On the other hand it has to be said that far Left media – what is left of them^^ – can also be totally off track. On “counterpunch” the editor, October 13, in his “roaming charges” took, while belonging to the same post-structuralist camp than hundreds of papers and the Berlin TAZ, the opposite direction. In his article you found 0, zero, words of condemnation about the Hamas atrocities which started this horrible war. 1200 innocent people dancing and just living in a Kibbuz slaughtered. Not a word about it. And this is – are we really in need of stating what was obvious before our intellectual fragmentation – also wrong. What on earth Hamas thought to achieve with killing 1200 innocent people is never asked. Why?
This horrible also shows what went wrong with the Left during the last 30 postmodern years. While attacking the enlightenment and universalism, it was forgotten that NO enlightenment and universalism, “a good life for all on earth”, can be used to excuse racism, killing of the climate as the USA and Europe, male, female and diverse, are doing. Universalism cannot be used to excuse horrible wars. Self declared “enlightenment” people who tried to do so were – by definition – NO universalists.

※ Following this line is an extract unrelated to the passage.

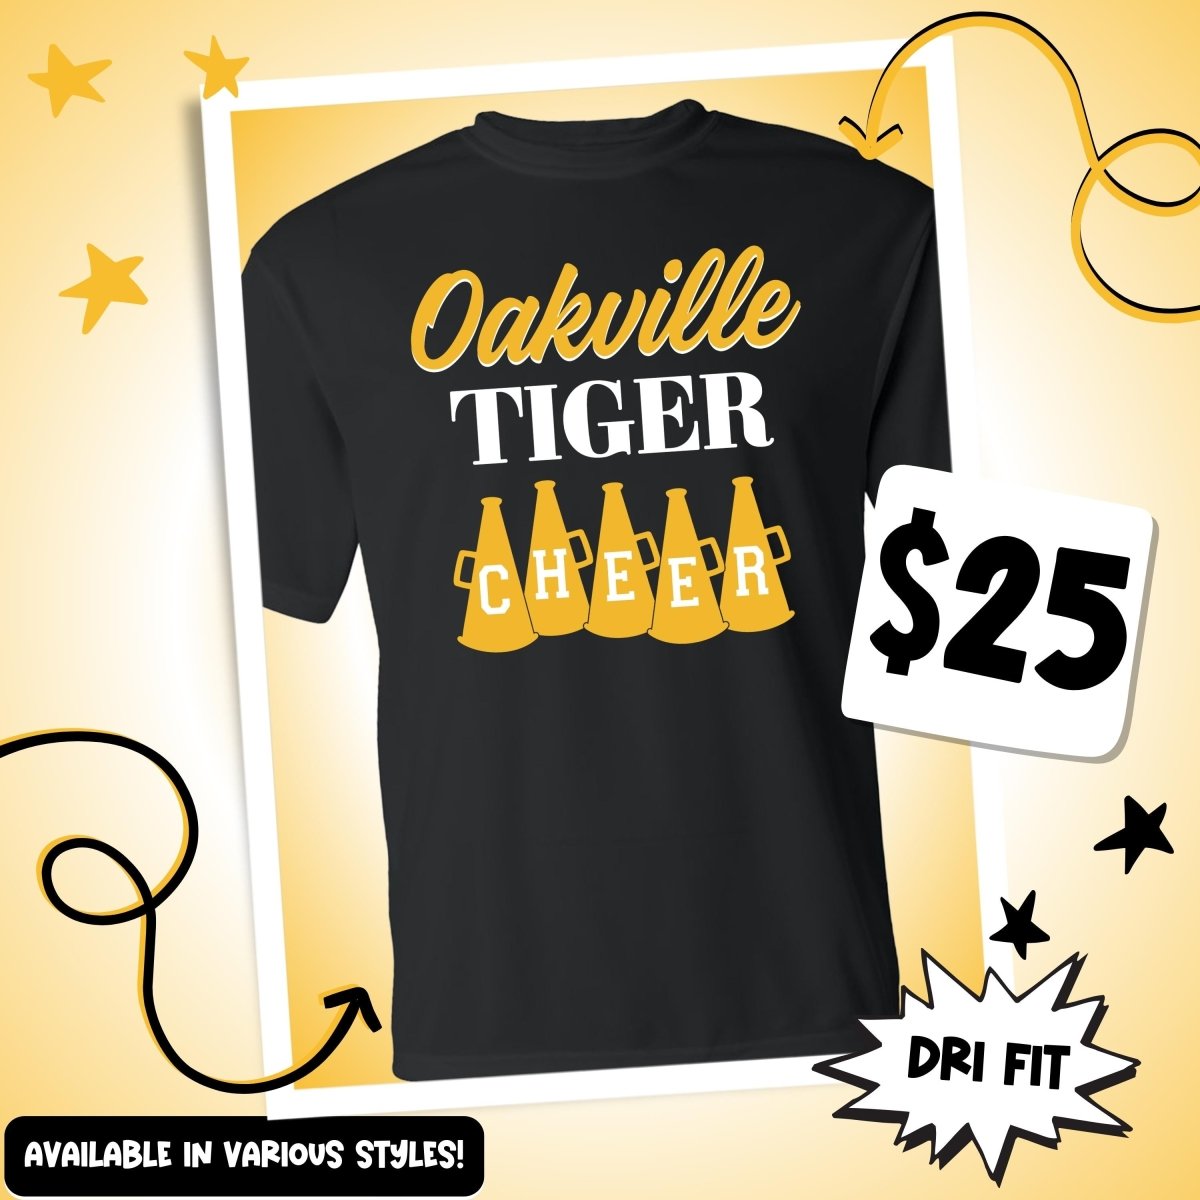 Oakville Tiger Cheer Megaphones

By throwing out the baby with the bathwater, following postmodern “GODS” instead of thinking and feeling ourselves, we end up in a fragmented, bizarre world view. We must find a way back to real universalism – the only way which could get us nearer of what the Left once dreamed about, and what was never achieved on earth: peace for all, a planet which is not destroyed by 800 millions of people residing in USA, Europe and other capitalist countries. Destroyed also by posh millions who pretend to be so “post-colonial”. Mere lies to “in-scene themselves new”, to feel good and cool. And, again, innocent people are dying by the thousands.